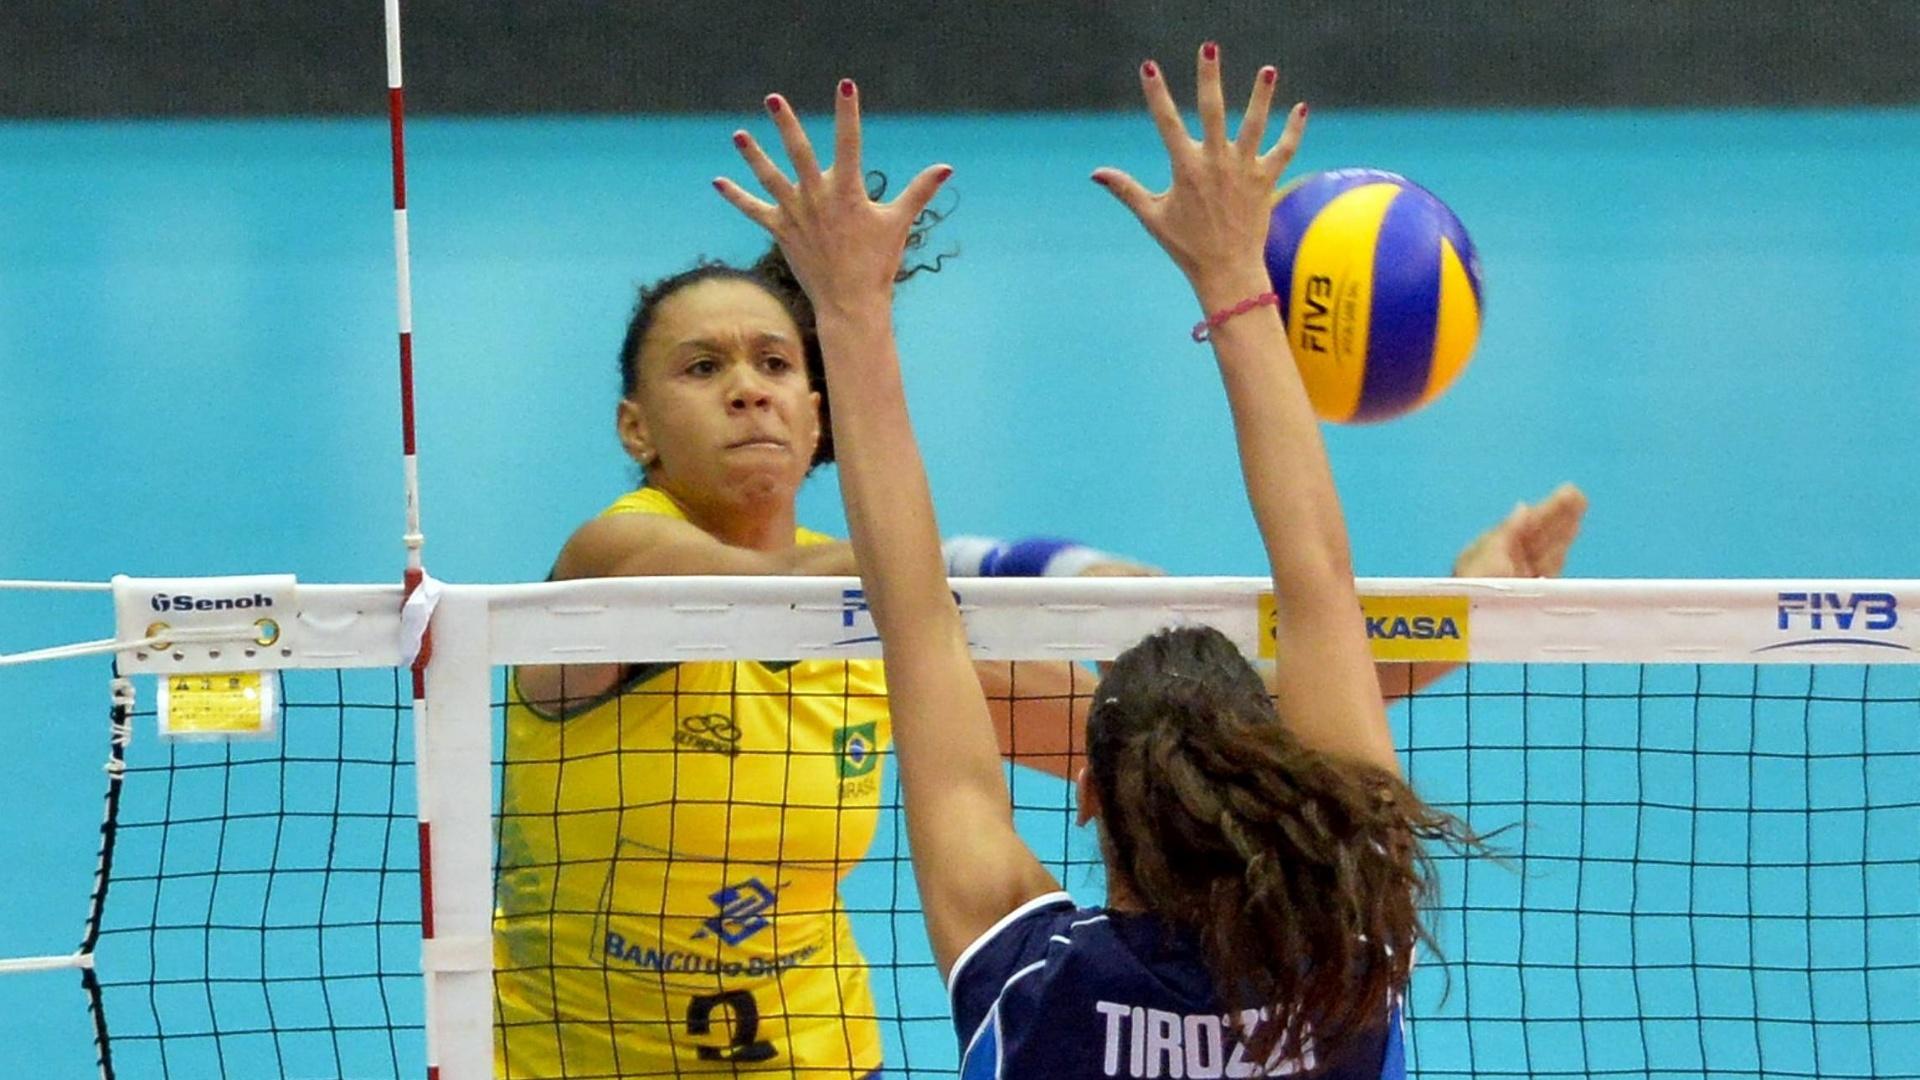 18.jul.2015 - Central Juciely anotou 18 pontos - dez deles em bloqueios - e foi o destaque do Brasil em vitória sobre a Itália no Grand Prix de vôlei feminino.
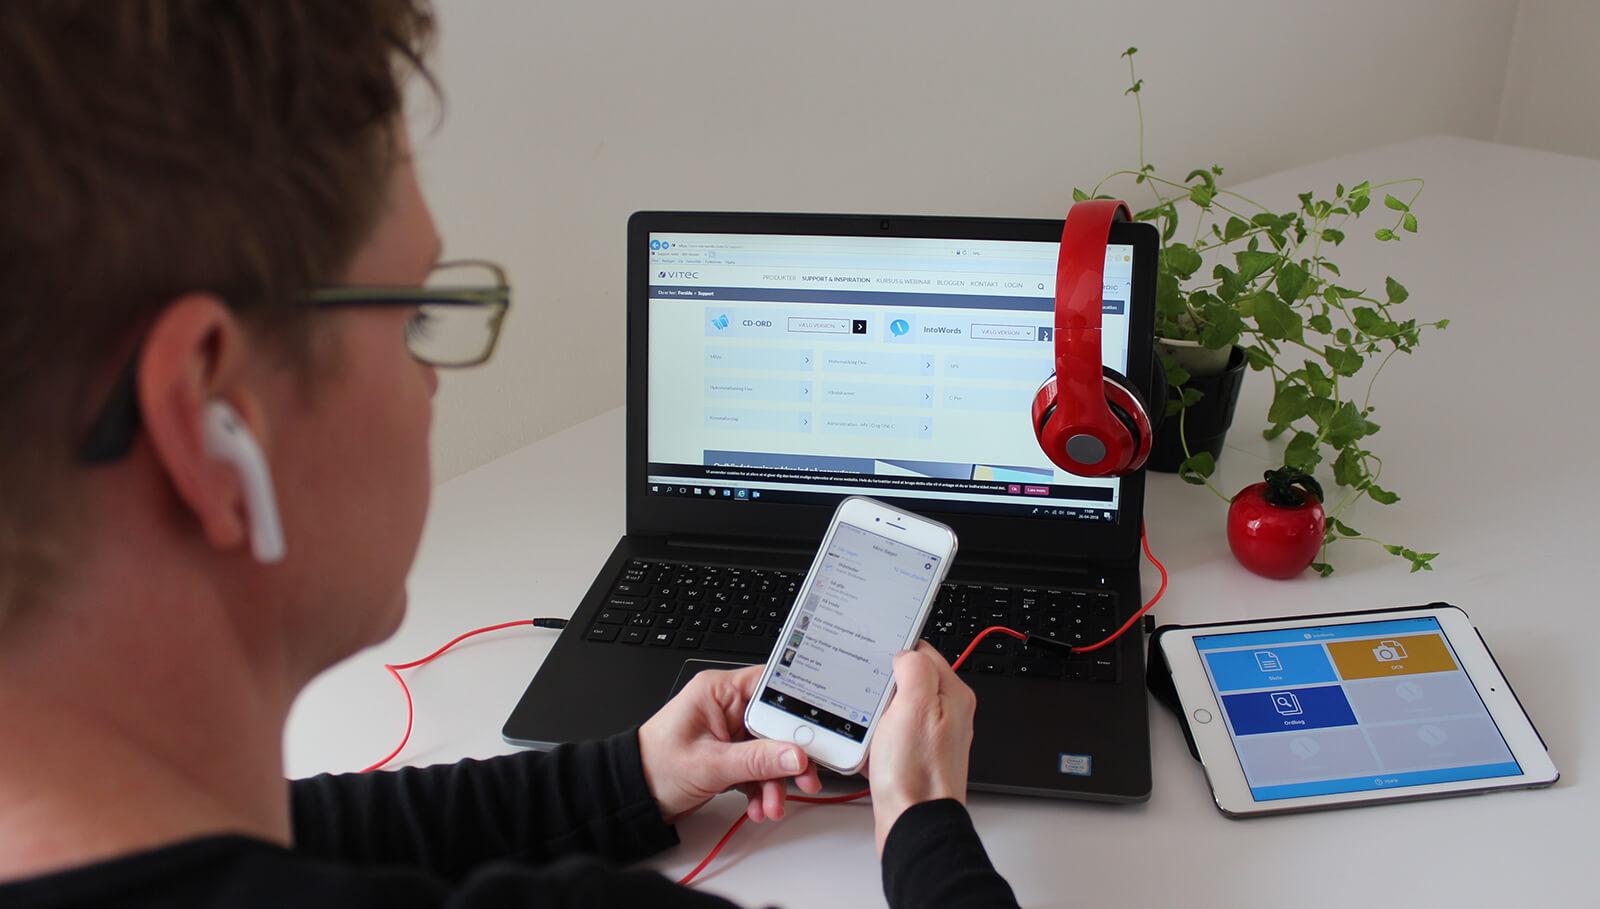 Hjælp til Ordblinde ved Randi Hedelund Jeppesen - Kurser, foredrag og IT-Hjælpemidler
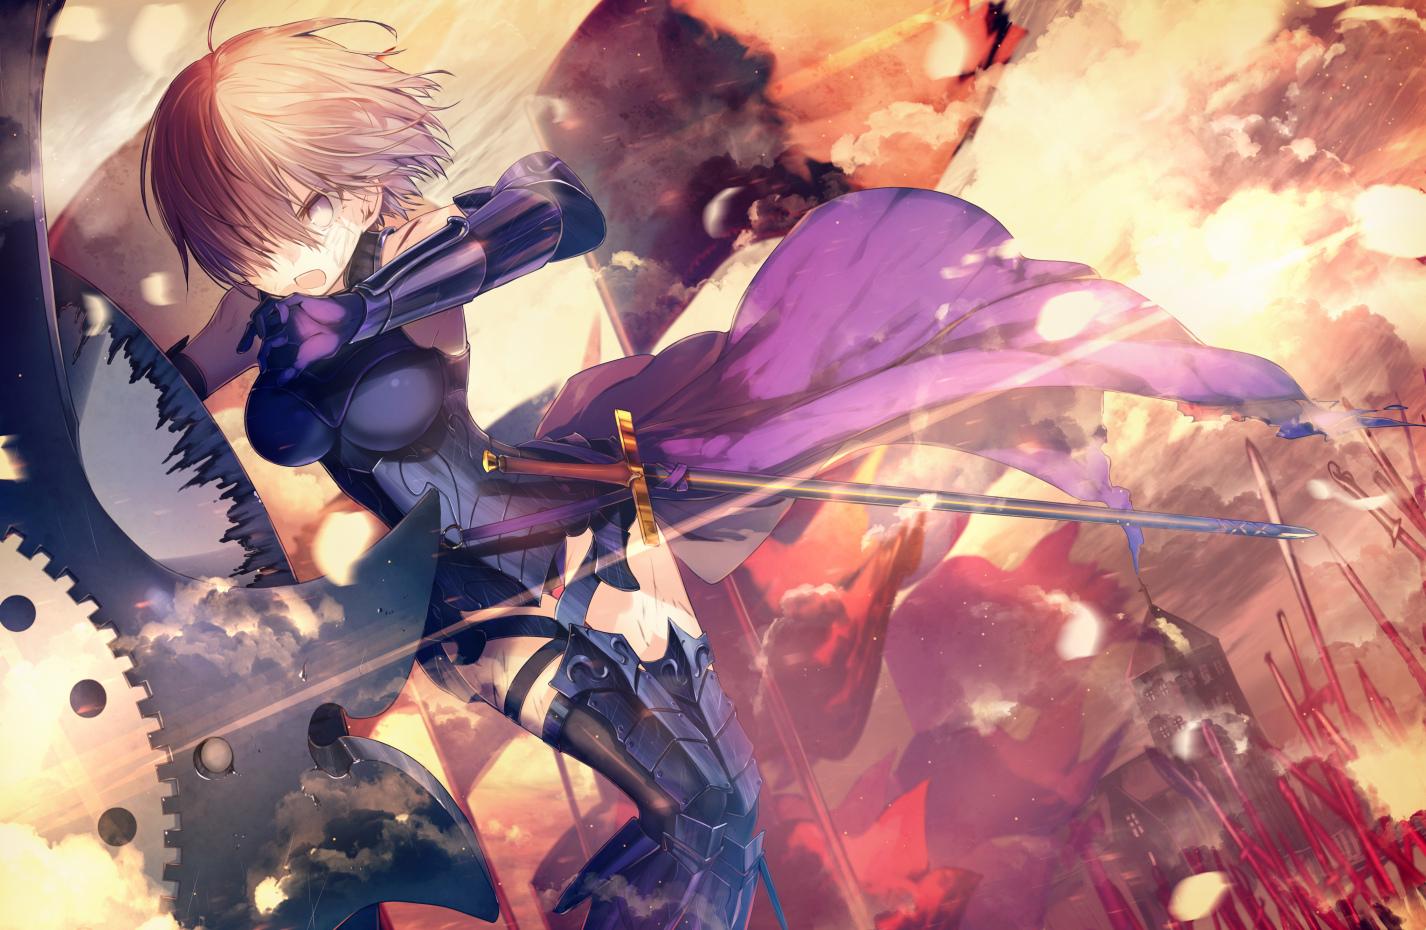 盾娘,玛修,Fate/Grand Order
━━━━━━━━━━━━━━━━
* ACTIVITY *
Where pictures appear, skip them and transcribe all other material word for word.

* EXPECTED ANSWER *
 18.jul.2015 - Central Juciely anotou 18 pontos - dez deles em bloqueios - e foi o destaque do Brasil em vitória sobre a Itália no Grand Prix de vôlei feminino.
 Hjælp til Ordblinde ved Randi Hedelund Jeppesen - Kurser, foredrag og IT-Hjælpemidler
 盾娘,玛修,Fate/Grand Order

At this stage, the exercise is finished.